Mr. Meyers concluded by telling the jury, “Don’t follow the red herring. Follow the evidence. “
The afternoon ended with Judge Reed sending the jury to deliberate.
“Hoyt repeated that that was the time to be honest with him so that he could “work something out.””
“Hoyt stated that depending on what he might have found in the car, he could have used his own discretion to lessen the allegations.”
I find this combination of statements very troubling. What we have is the officer telling the detainee that he must be “honest”, in other words saying what the officer wants him to say in order to curry favor with the officer.

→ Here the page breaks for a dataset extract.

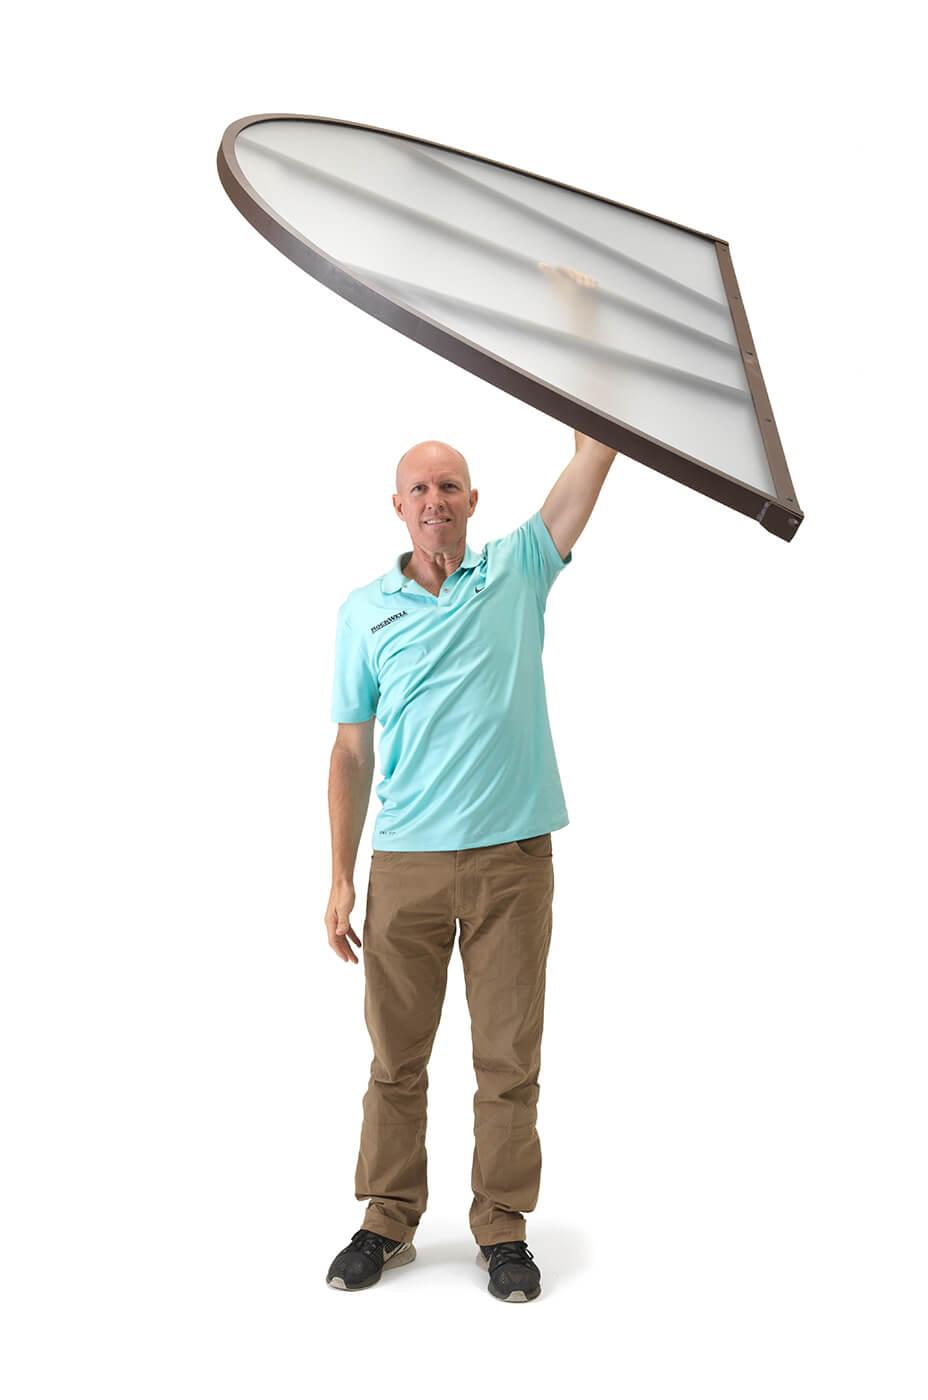 Man holding plastic window cover

If he could “use his own discretion to lessen the allegations, is he not equally able to use his own discretion to increase the allegations.” Where is the truth and justice in this approach ? This would seem to me a blatant abuse of the power of the detaining officer. His role is supposed to be the prevention and detection of crime, not a decision of how to alter the perception of evidence so as to strengthen his favored interpretation of the evidence based on the subjective “cooperation” of the detainee.
What is even more troubling than the explanation is his apparent belief that it is a reasonable approach. So reasonable that he is willing to present it as a clarification of his original statement. This I find appalling.
Jury hung in this case. So the last three trials we have fully covered all hung.
David
Do you have any idea what the percentage of hung juries is in other counties ?
No idea. I don’t think I can tell you what it is in this county.